L’ensemble des réponses que j’aurai trouvé à ces questions va former mon objectif. Mais encore faut-il identifier, et analyser, sans complaisance, tout ce qui peut soustraire le but identifié à ma volonté. Il s’agit ici de me convaincre que mon but n’est pas impossible à atteindre. Pour ce faire, rien de mieux que de tenter de démontrer, de manière irréfutable, que mon but est impossible à atteindre. Cet exercice devrait me permettre de déjouer la tendance naturelle à taxer les objectifs que je ne me sens pas la force ou la volonté d’atteindre d’impossibles, afin d’avoir la conscience tranquille.
Mon but doit donc être calmement choisi, et ne pas ignorer les contraintes de la réalité. Cependant, la tentation est trop grande de m’enfermer dans la petitesse, sous prétexte que la réalité du terrain me l’impose. Garder à l’esprit la réalité du terrain, c’est tout simplement la connaître et se préparer à l’affronter. J’ai besoin de croire en ma capacité à créer ce qui n’existe pas encore et vaincre ce qui ne l’a jamais été jusque là. Il suffit, pour cela, que je m’accorde la permission de vivre, un jour, ce que je n’ai encore jamais vécu : ce n’est certainement pas trop demander.

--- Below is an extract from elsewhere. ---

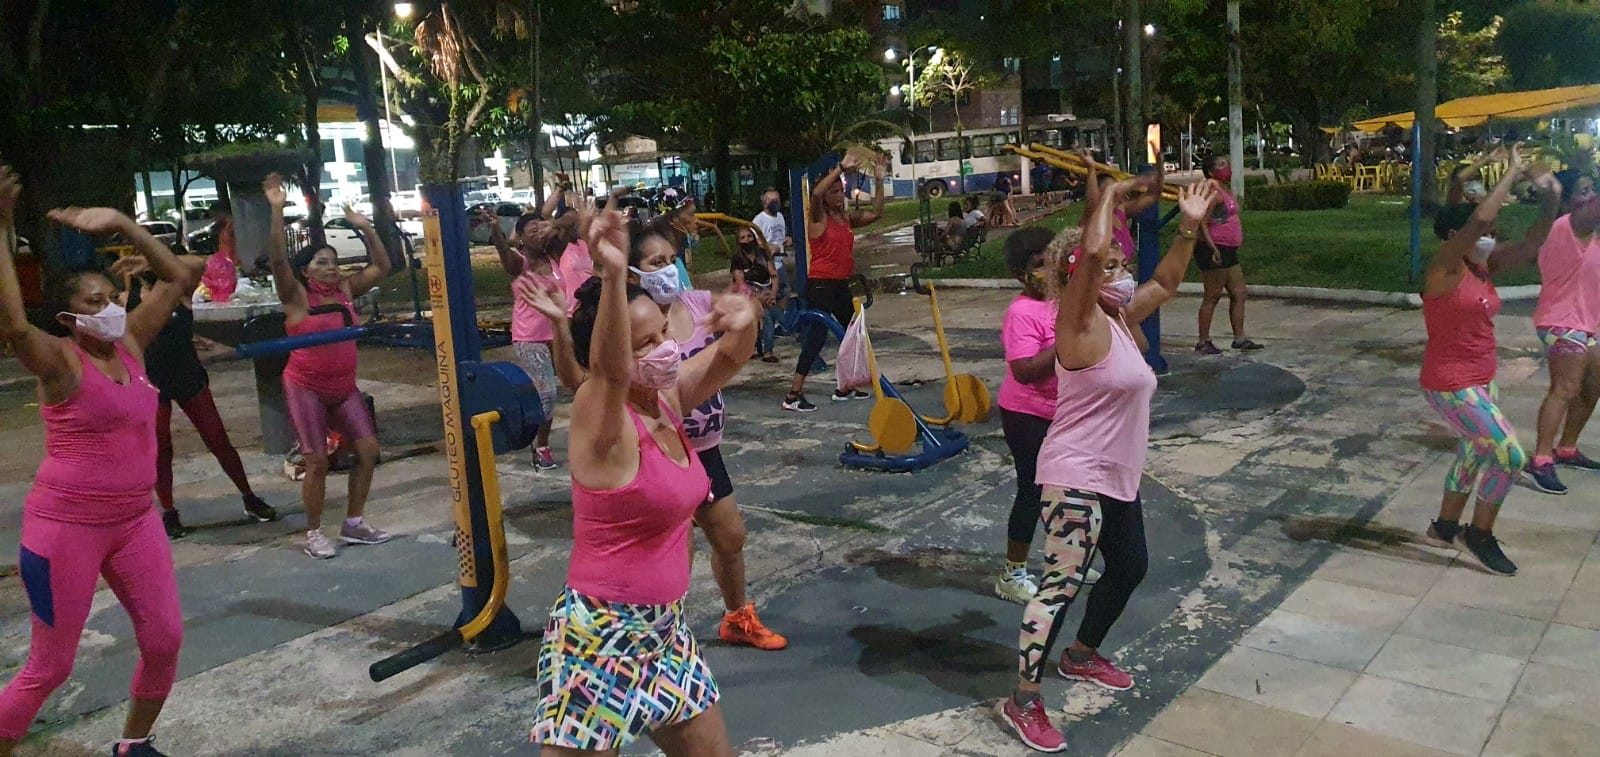 Esportes e ginástica - São Brás, Belém - Pará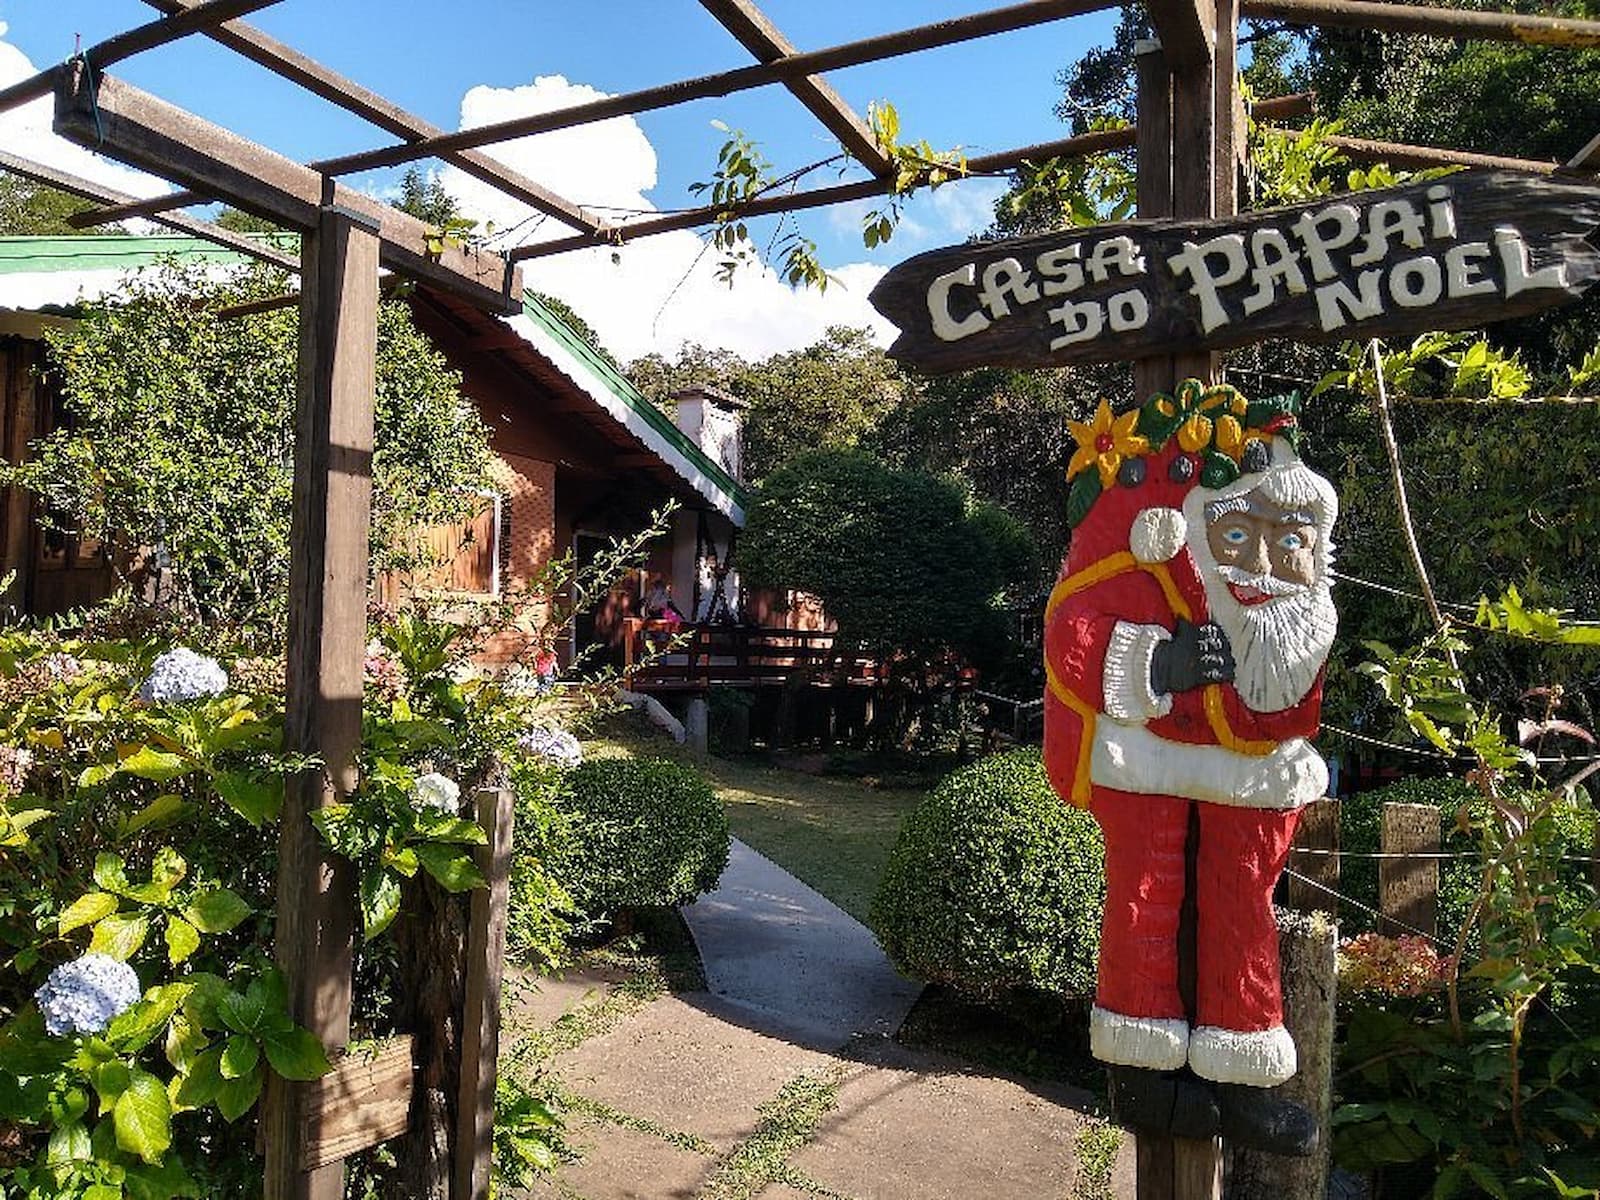 Parque da Floresta Encantada - Casa do Papai Noel

→ Tracer le chemin qui mène à la destination
Une fois que j’ai choisi où je veux aller, et me suis convaincu que mon but fait partie du domaine du possible, il me faut tracer le chemin qui y mène, et me préparer à tenir tête à tout ce qui peut m’en écarter.
Tracer le chemin qui mène au but, c’est trouver une stratégie, un ‘comment’, suffisamment crédible pour me convaincre moi-même qu’elle me mènera au but. Une stratégie doit pouvoir se décliner en quelques phrases. Elle est supposée saisir l’esprit même d’une démarche.
La stratégie, c’est quand ce bébé harcèle sa maman tant qu’il n’a pas eu son lait. C’est quand cette petite fille fait l’enfant modèle chaque fois qu’elle veut une nouvelle poupée. C’est quand cet adolescent multiplie les actes d’insoumission jusqu’à ce que ses amis ne lui reconnaissent le titre de gangster. C’est aussi quand cette demoiselle prend la parole partout, jusqu’à ce qu’on ne puisse plus l’ignorer.
La stratégie décrit donc l’approche générale pour atteindre mon but. Mais à quoi bon élaborer une stratégie et l’appliquer, si, à côté, je laisse d’autres choses torpiller mon plan? Il est crucial d’anticiper et me prémunir contre les inévitables désirs de court terme qui viendront inévitablement détourner mon attention.
J’ai besoin de rendre mon but suffisamment omniprésent et vivace dans mon esprit pour qu’il devienne quasi-réel, pour que je puisse trancher en sa faveur, chaque fois qu’un désir de court terme essaie de voler mon attention. Il semble que penser au but sous la douche marche plutôt bien. Et si je suis toujours trop faible devant la tentation, je trouverai le moyen de croiser plus rarement son chemin.
A cette étape, on peut parler d’une vision construite : j’ai un but (librement et patiemment choisi), une foi solide en la possibilité de l’atteindre (je n’ai pas réussi à démontrer le contraire), une stratégie qui me convainc (l’esprit même de l’approche), et les moyens de continuer à trouver mon but plus attrayant que tout.
Le reste n’est plus qu’action; du moins, je le crois. Ce n’est certainement pas la partie la plus facile.